More notably, the market has become increasingly aggressive in its expectations for the end of the year and into next year. Nearly three rate cuts are now expected before the end of 2025, and the average Fed funds rate is projected to fall below 3% by the end of 2026.
Clearly, we do not rule out the possibility of a more aggressive Fed in the coming months. However, we continue to view the shock inflicted by the U.S. administration on the economy as stagflationary.
Not only does it undermine growth prospects, but it also intensifies inflationary pressures. In this context, upcoming inflation data will be crucial in determining how the Fed navigates the deterioration of its dual mandate—full employment and 2% inflation.

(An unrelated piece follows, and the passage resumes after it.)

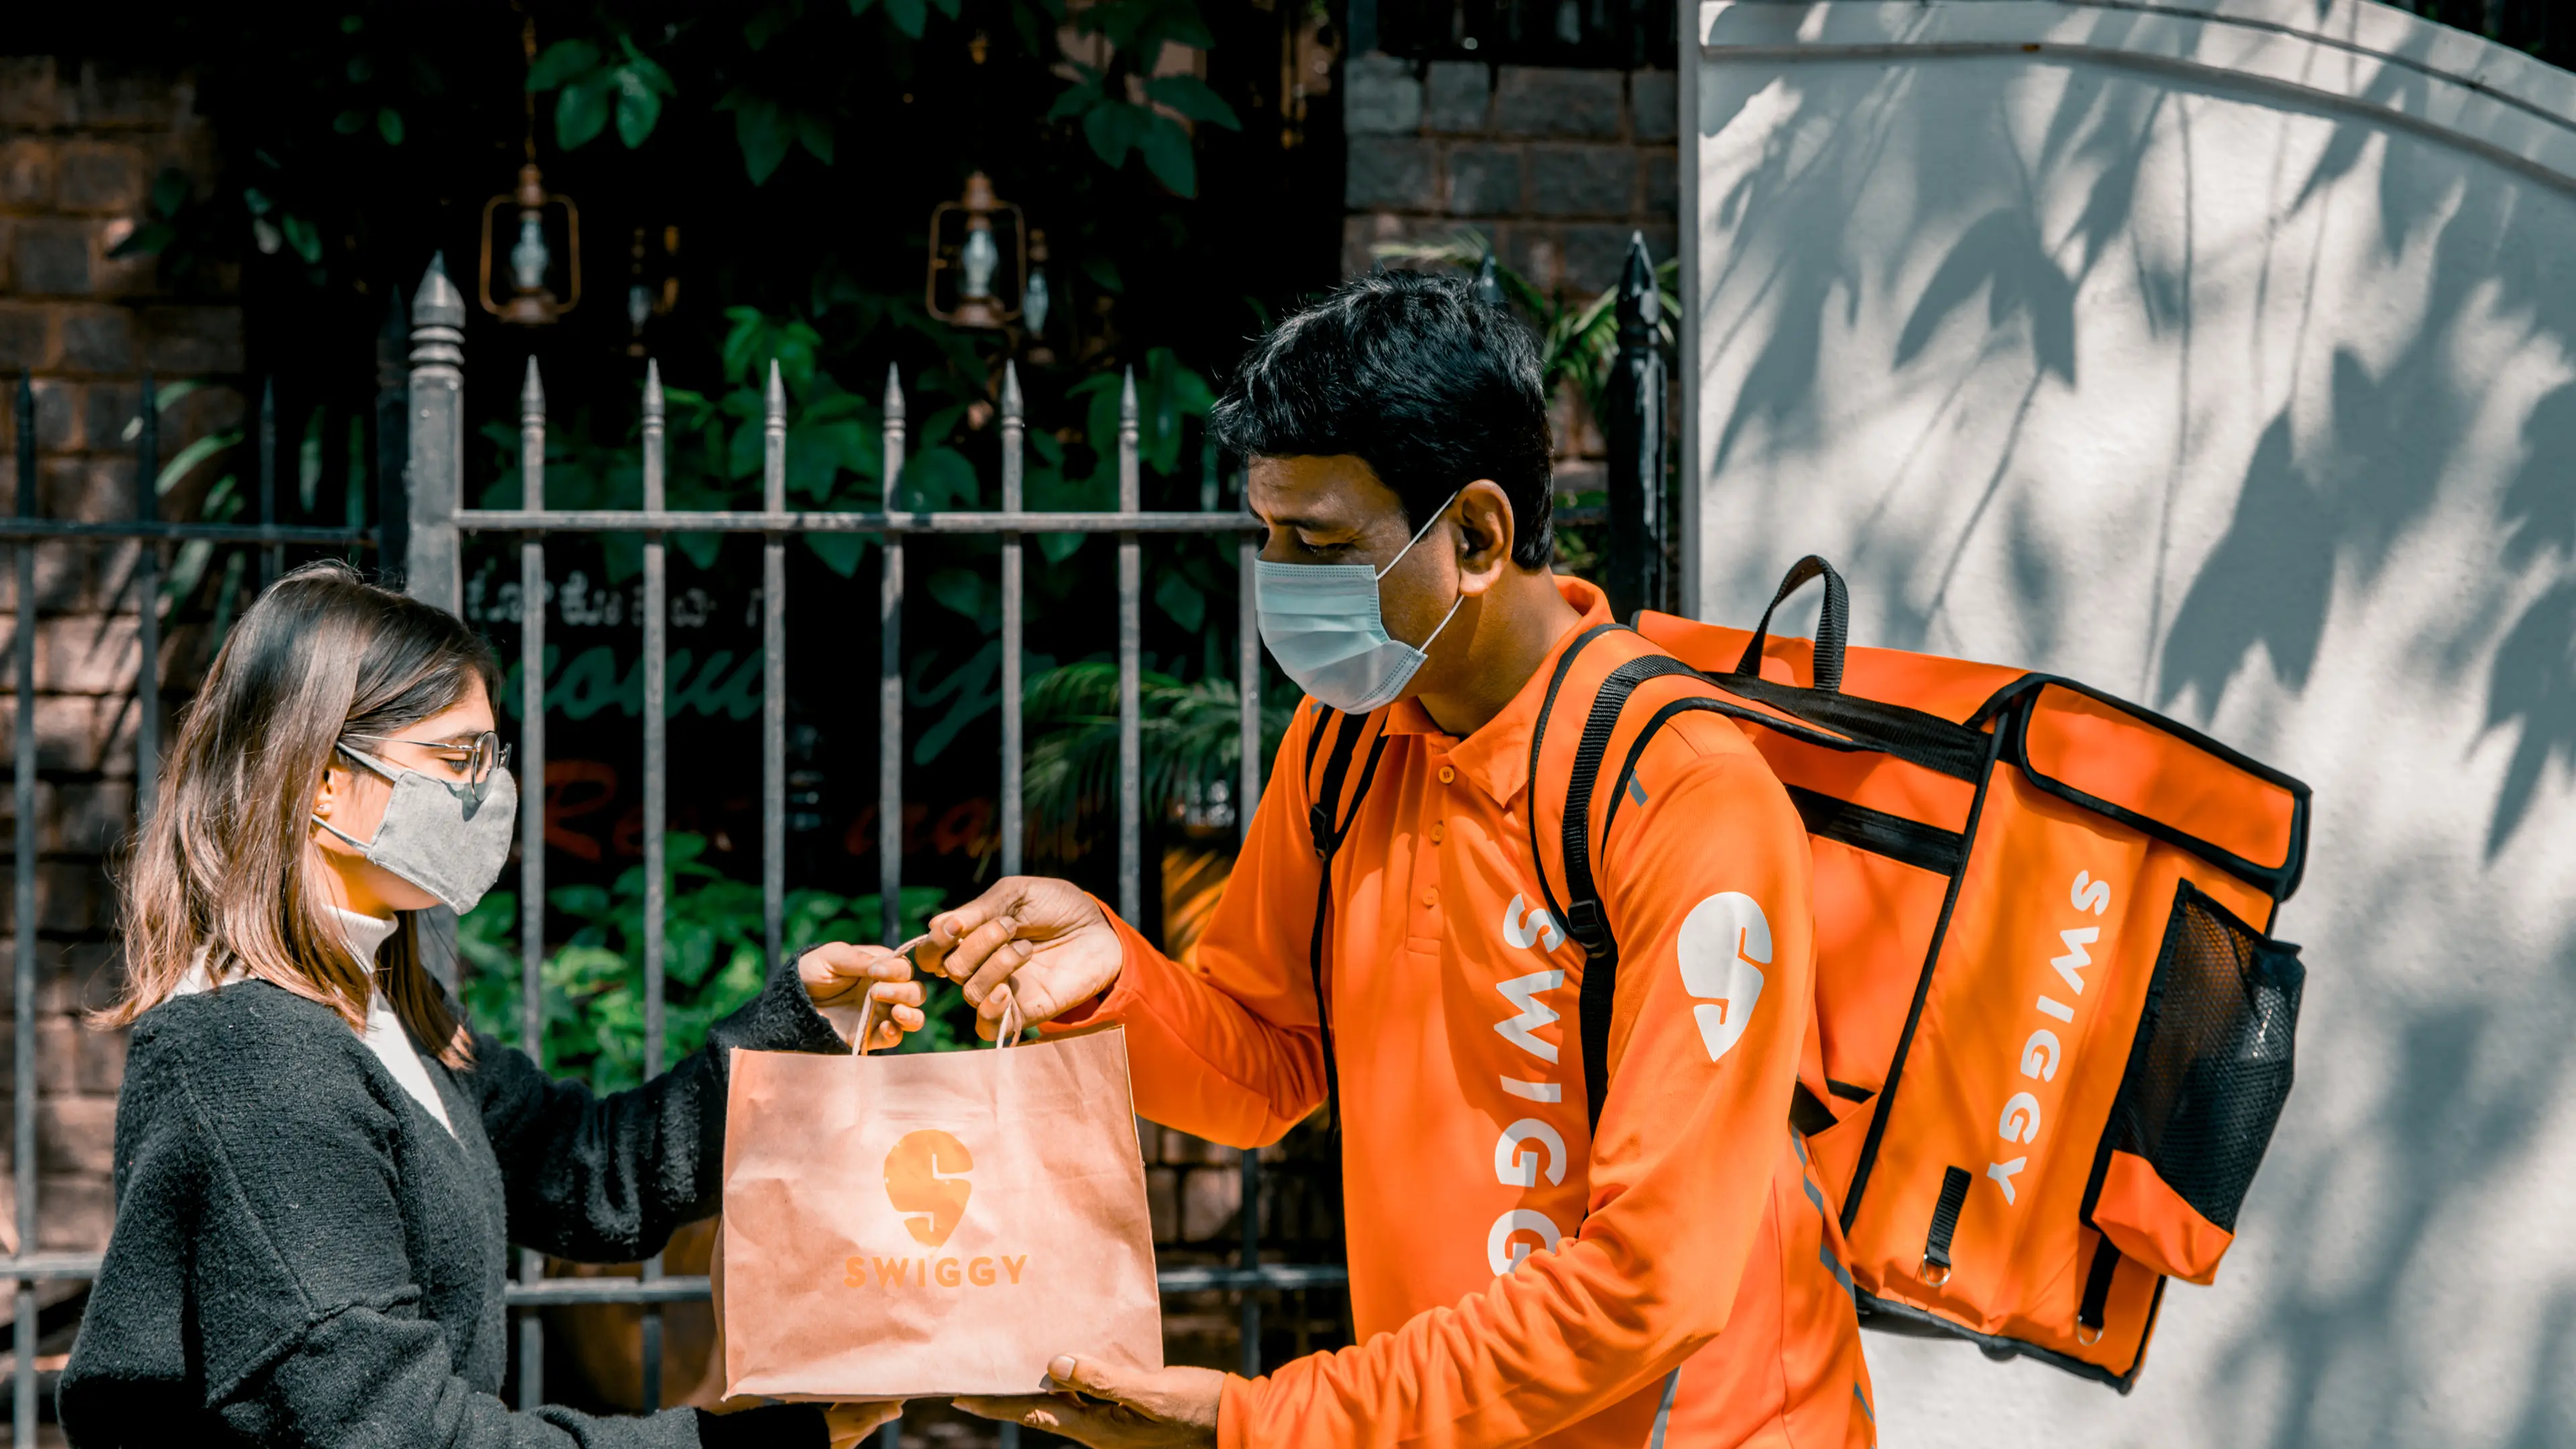 Swiggy adds collaborative food recommendation feature Eatlists

Admittedly, the strong political pressure currently facing the Fed could culminate in a loss of independence, potentially shifting its focus from inflation control to supporting economic growth. At this stage, this is not our base case, which is why we remain cautious about the Fed’s room for maneuver should tariff-driven inflation prove more persistent.

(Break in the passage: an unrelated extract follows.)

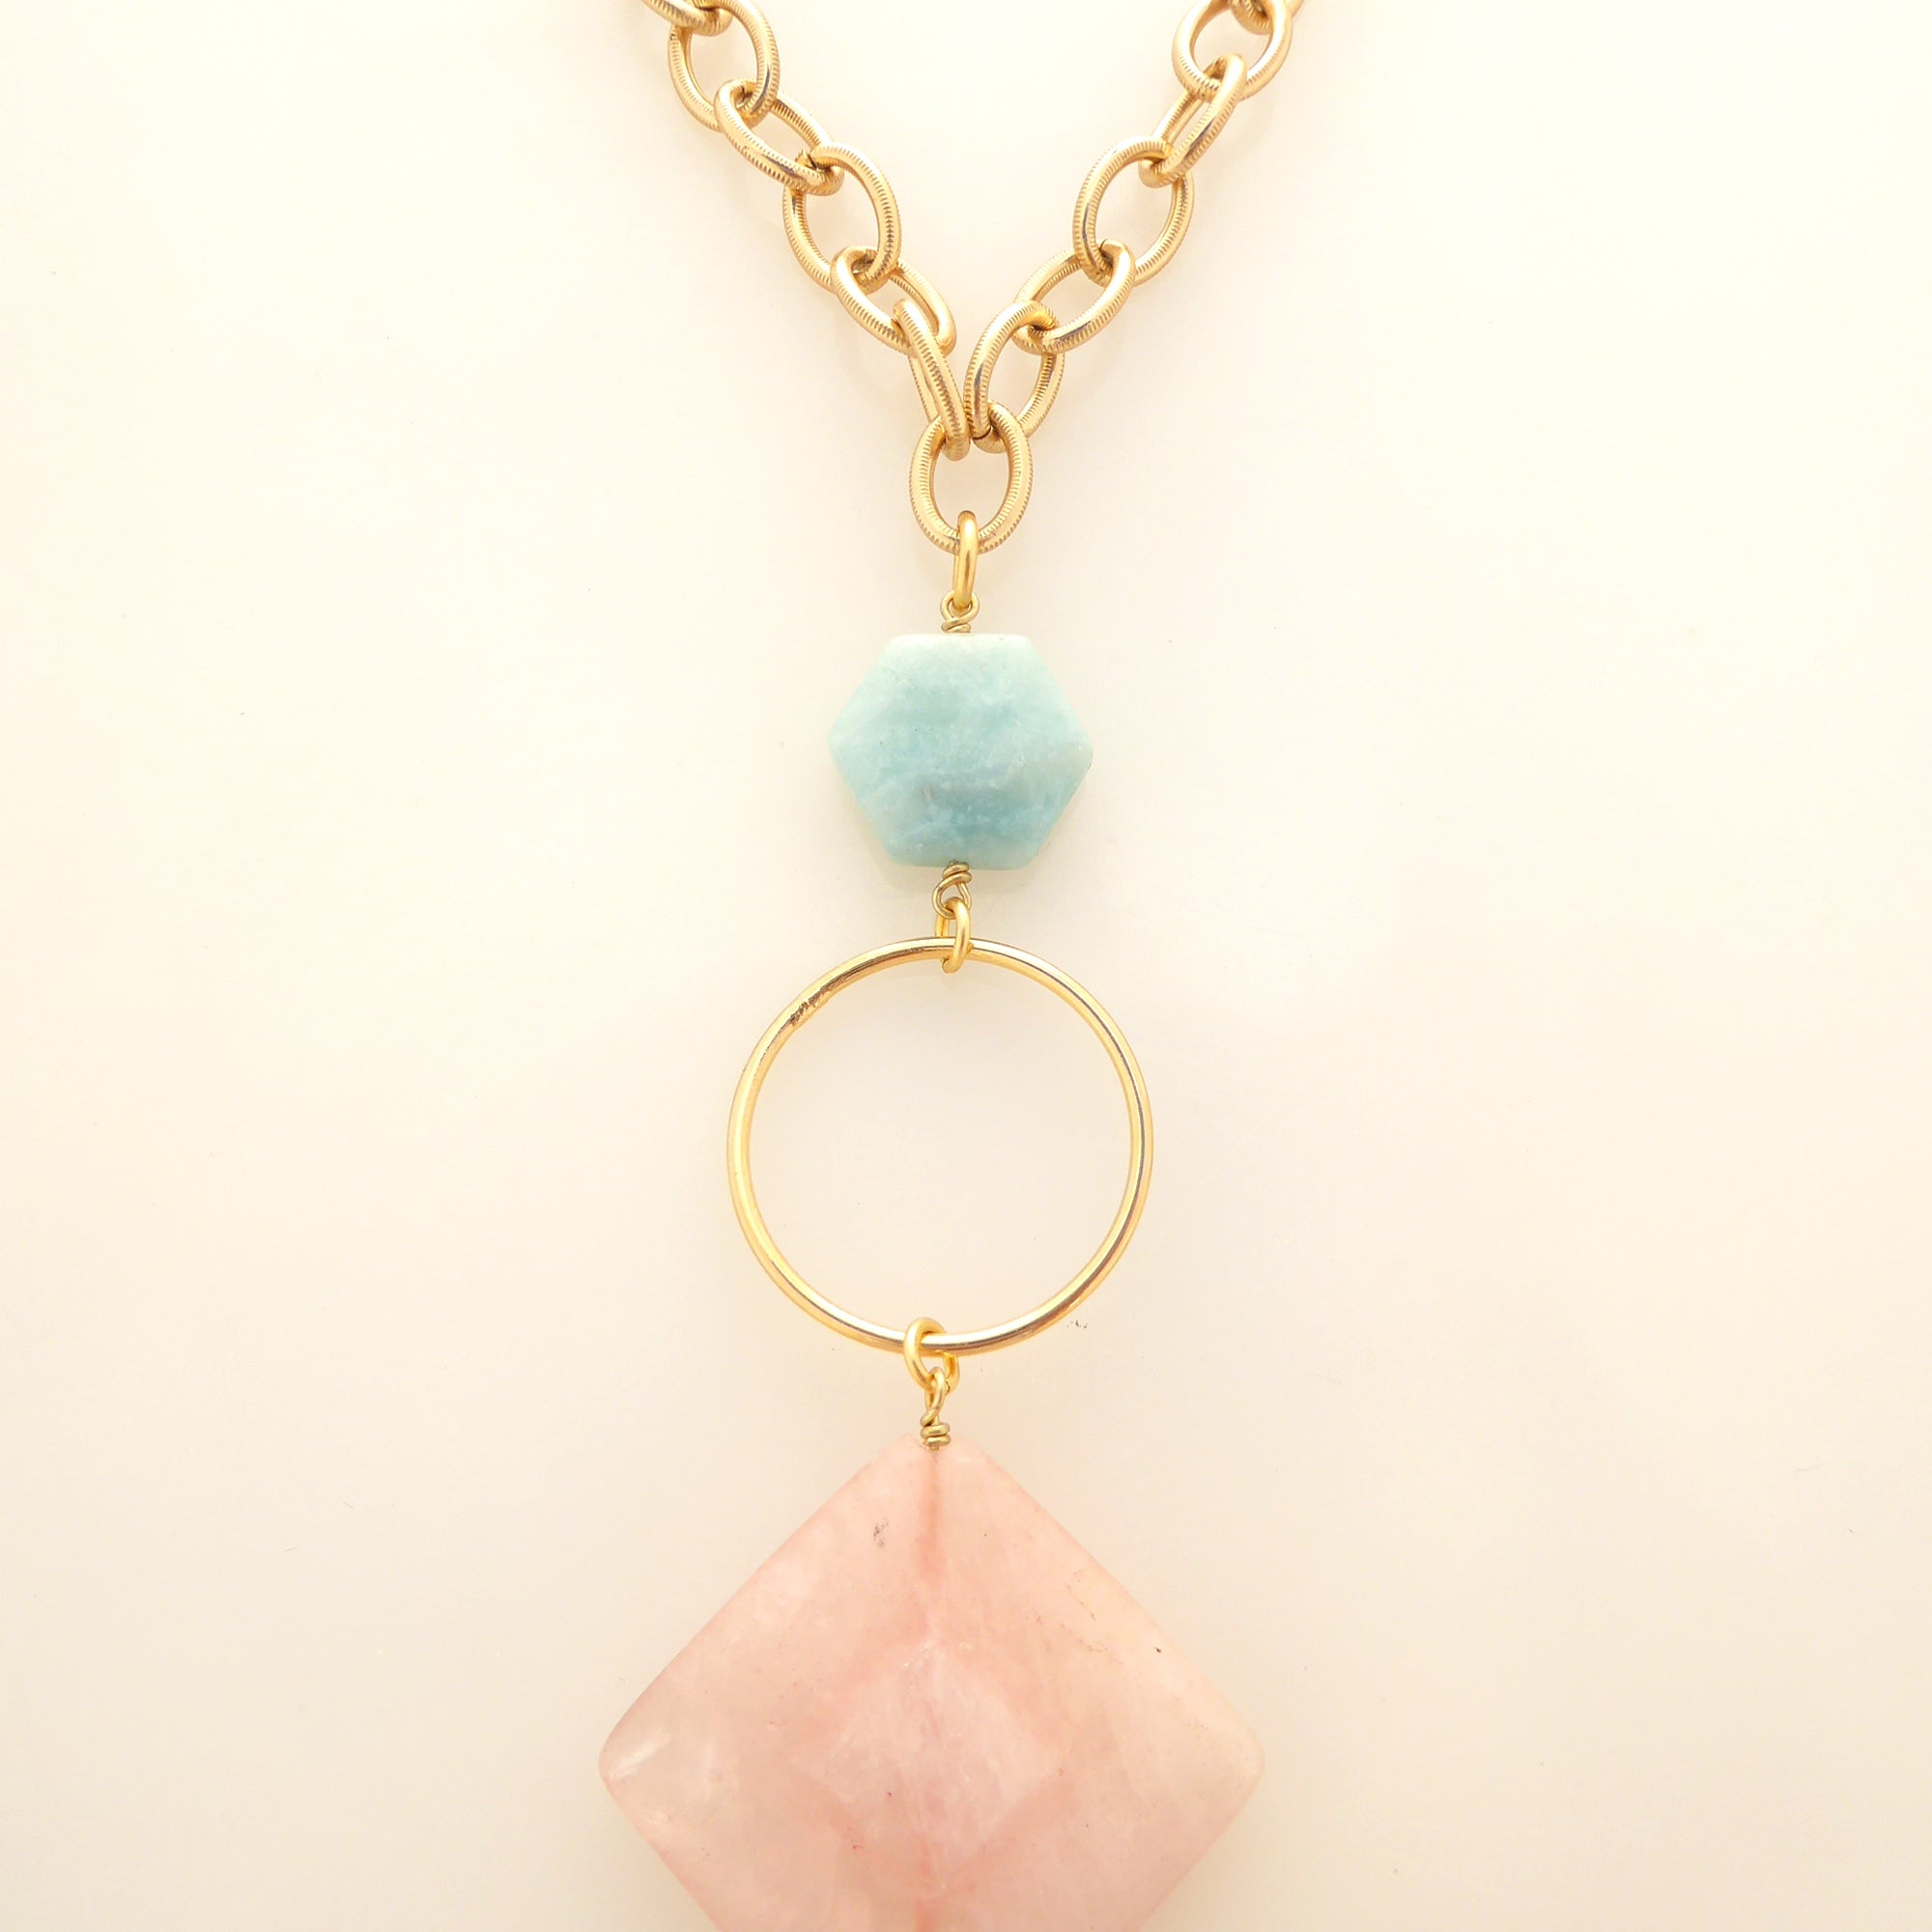 Gioia amazonite and rose quartz necklace by Jenny Dayco 5

OPEC+ member countries have decided to continue increasing production, which has already led to the return of more than 2 million barrels per day to the market the same amount that had previously been withdrawn to support prices.
However, the production increase for October was more limited than expected, with an additional 137,000 barrels per day. This smaller-than-expected increase led to a rise in prices, pushing Brent crude close to $67 per barrel.
Despite ongoing concerns about potential sanctions on countries purchasing Russian oil which could reduce available supply the reality is that the global oil market remains oversupplied. As such, we maintain our projection that oil prices will stay below $70 per barrel.
This price level remains good news for oil-importing countries, as well as for households and businesses that consume energy.
Europe continues to benefit significantly, as the price of oil in euros is even lower thanks to the appreciation of the currency. Additionally, gas prices remain very low, which not only supports disinflation but also boosts purchasing power and economic recovery.
In Japan, GDP growth for Q2 2025 was stronger than expected, with an upward revision to 0.5%. Notably, household consumption was revised higher, indicating that Japanese consumers remain resilient. In addition, non-residential investment continues to contribute positively to growth.
This strength in domestic demand is a very encouraging sign of Japan’s ability to withstand the impact of U.S. protectionist measures. As in other countries, the data for H1 2025 are heavily distorted by export activity, driven by strong U.S. demand ahead of tariff hikes. However, domestic demand appears to be supported by a solid internal environment, with rising real incomes fueling consumption.
These growth figures should reinforce the Bank of Japan’s (BoJ) path toward monetary policy normalization, which remains highly accommodative. This normalization is all the more justified given that inflation continues to run well above the 2% target both headline and core.
Nevertheless, the very gradual approach taken by Governor Kazuo Ueda is unlikely to change. Persistent concerns about the impact of U.S. protectionist measures are likely to maintain a cautious tone. Additionally, political instability triggered by the loss of the parliamentary majority by the LDP-led coalition and the resignation of Prime Minister Shigeru Ishiba should also encourage the BoJ to remain prudent.
We continue to expect another rate hike by early next year.